In [1]:
## The Wonderful World of ML - Session 3 Assignment (Linear Regression)

In addition to the references provided in session 2, I've uploading all the video and course notes from the [**Regression Models**](https://www.coursera.org/learn/regression-models) class from the Johns Hopkins Data Science Specialization on coursera to our meetup repo [here](https://github.com/focods/WonderfulML/tree/master/docs/JHU_DSS_RegMods).  This weeks assignment is adapted from an assignment given in this class.

If you haven't done so by now, install jupyter notebook and configure it with an R kernel if you are an R user.  If you are Python user, your Anaconda install will have Python configured out of the box.  For further details, refer to the top of the session 2 notebooks.

### Only one problem for this session, but it's a good one...

2) What was the cost function Sondra mentioned that is used for linear regression?

The data for this assignment can be found in our meetup repo:

[https://raw.githubusercontent.com/focods/WonderfulML/master/data/mtcars.csv](https://raw.githubusercontent.com/focods/WonderfulML/master/data/mtcars.csv)

**Here is the scenario:**  *You work for Motor Trend, a magazine about the automobile industry. Looking at a data set of a collection of cars, they are interested in exploring the relationship between a set of variables and miles per gallon (MPG) (outcome).

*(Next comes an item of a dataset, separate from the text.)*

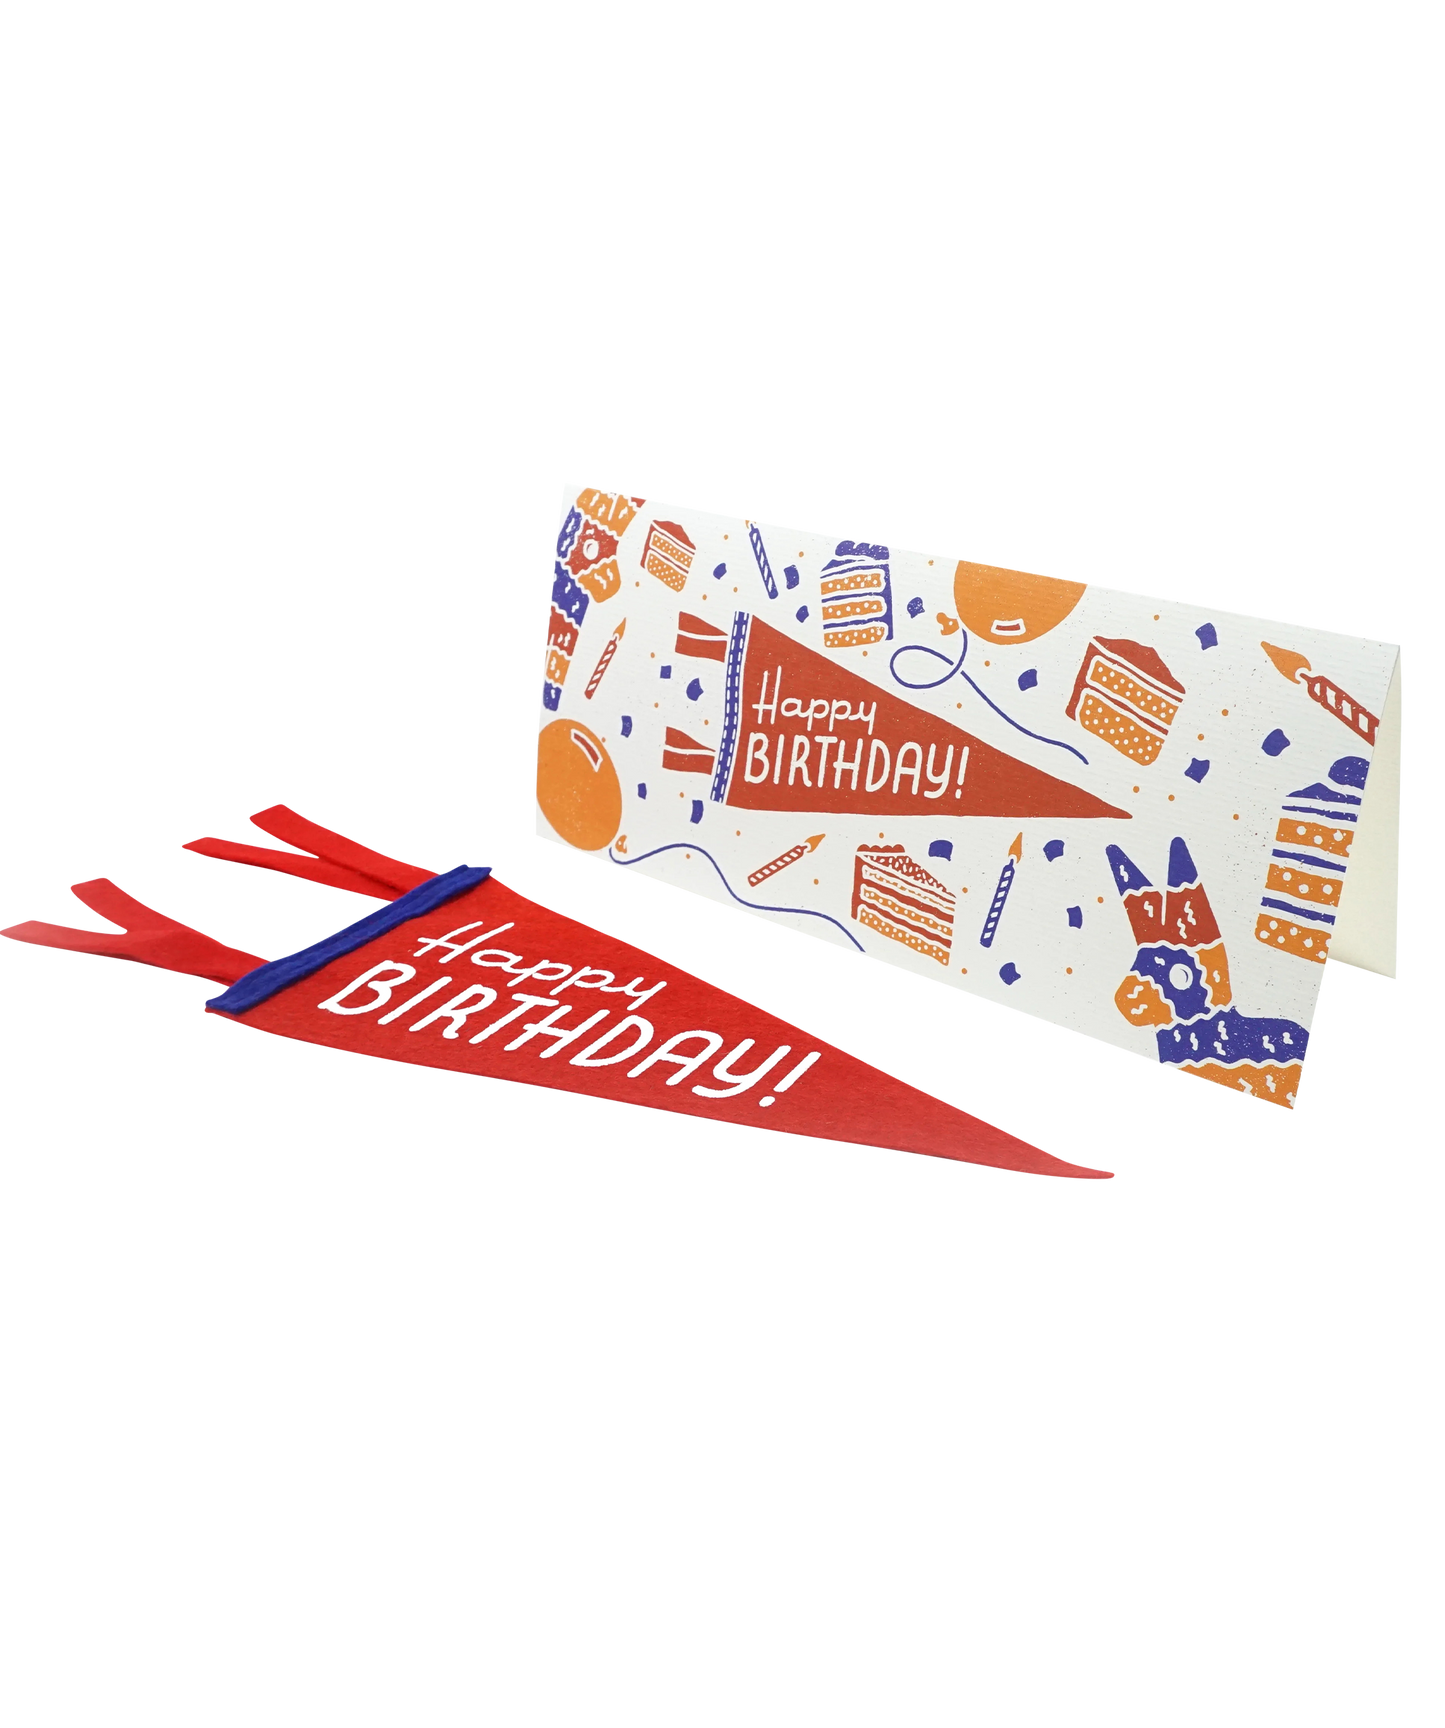 Happy Birthday! - Greeting Card & Matching Mini Pennant

They are particularly interested in the following two questions:*

1. Is an automatic or manual transmission better for MPG?  
2. Quantify the MPG difference between automatic and manual transmissions.

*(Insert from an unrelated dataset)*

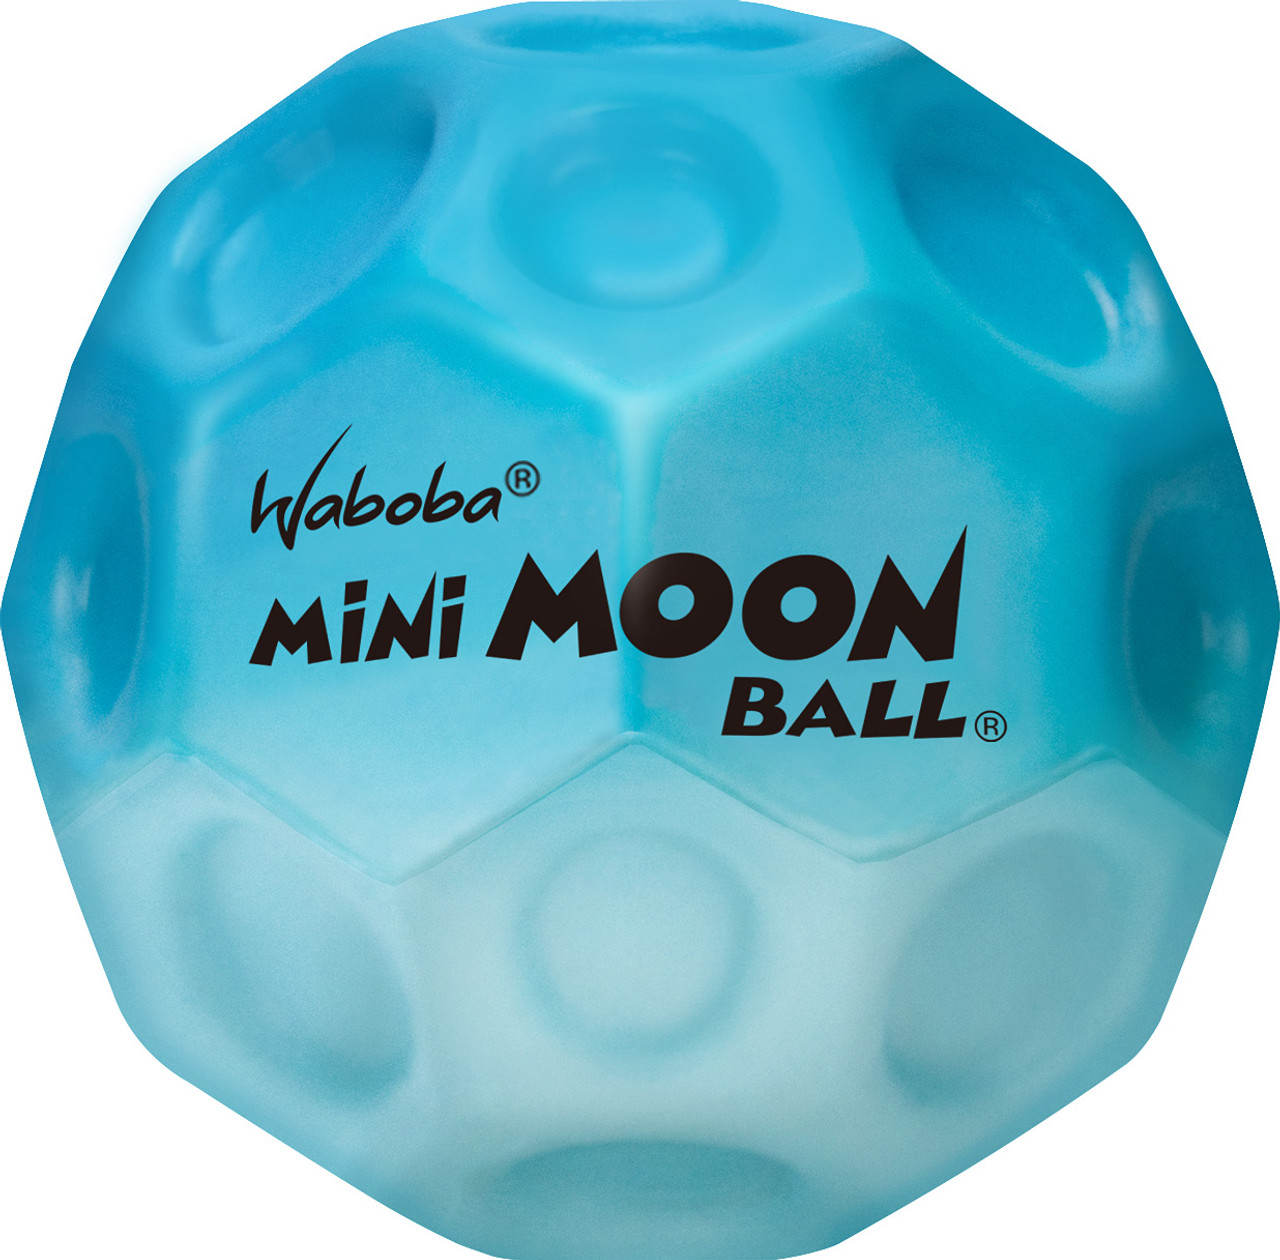 Waboba Mini Moon Ball 2

Here is some code to get you started.

In [None]:
import numpy as np
import pandas as pd
import matplotlib.pyplot as plt
%matplotlib inline

mtcars = pd.read_csv("https://raw.githubusercontent.com/focods/WonderfulML/master/data/mtcars.csv")
mtcars.head()

Unnamed: 0,model,mpg,cyl,disp,hp,drat,wt,qsec,vs,am,gear,carb
0,Mazda RX4,21.0,6,160.0,110,3.9,2.62,16.46,0,1,4,4
1,Mazda RX4 Wag,21.0,6,160.0,110,3.9,2.875,17.02,0,1,4,4
2,Datsun 710,22.8,4,108.0,93,3.85,2.32,18.61,1,1,4,1
3,Hornet 4 Drive,21.4,6,258.0,110,3.08,3.215,19.44,1,0,3,1
4,Hornet Sportabout,18.7,8,360.0,175,3.15,3.44,17.02,0,0,3,2


Let's do a little EDA...

In [None]:
# https://stackoverflow.com/questions/42592493/displaying-pair-plot-in-pandas-data-frame
# Not as nice as the R Pairs plot from GGally library, but get's us going...
#pd.plotting.scatter_matrix(mtcars, figsize=(15, 15), marker='o',
#                           hist_kwds={'bins': 20}, s=60, alpha=.8);
#plt.suptitle('Figure 1: Pairs Plot of Variables in mtcars Dataset',
#             fontsize=18, fontweight='bold')
#plt.show()
import seaborn as sns

sns.set_context("paper", rc={"axes.labelsize":36, "xtick.labelsize":24, "ytick.labelsize":24})
p1 = sns.pairplot(mtcars, kind='reg', diag_kind='hist') #, hue = 'am'),
#                  vars = ['mpg', 'cyl', 'disp', 'hp', 'drat', 'wt', 'qsec', 'vs', 'gear', 'carb'])
# remove upper triangular plots because they are redundant
# https://stackoverflow.com/questions/34087126/plot-lower-triangle-in-a-seaborn-pairgrid
for i, j in zip(*np.triu_indices_from(p1.axes, 1)):
    p1.axes[i, j].set_visible(False)

sns.plt.show()

Let's take a look at the overall effect of transmission on MPG with this question in mind: *Is an automatic or manual transmission better for MPG?*  

Let's start by taking a look at a box plot comparing all the automatics against all the manual transmissions:

In [None]:
auto_cars = mtcars.loc[mtcars['am'] == 0, 'mpg']
man_cars = mtcars.loc[mtcars['am'] == 1, 'mpg']
sns.set_context("paper", rc={"axes.labelsize":18})  # reset label size
fig = plt.figure()
fig.suptitle('Figure 2: MPG by Transmission Only')
ax = fig.add_subplot(111)
# ; or plt.show() hides before plot output https://stackoverflow.com/questions/25790062/
ax.boxplot([auto_cars, man_cars], labels=('0', '1'))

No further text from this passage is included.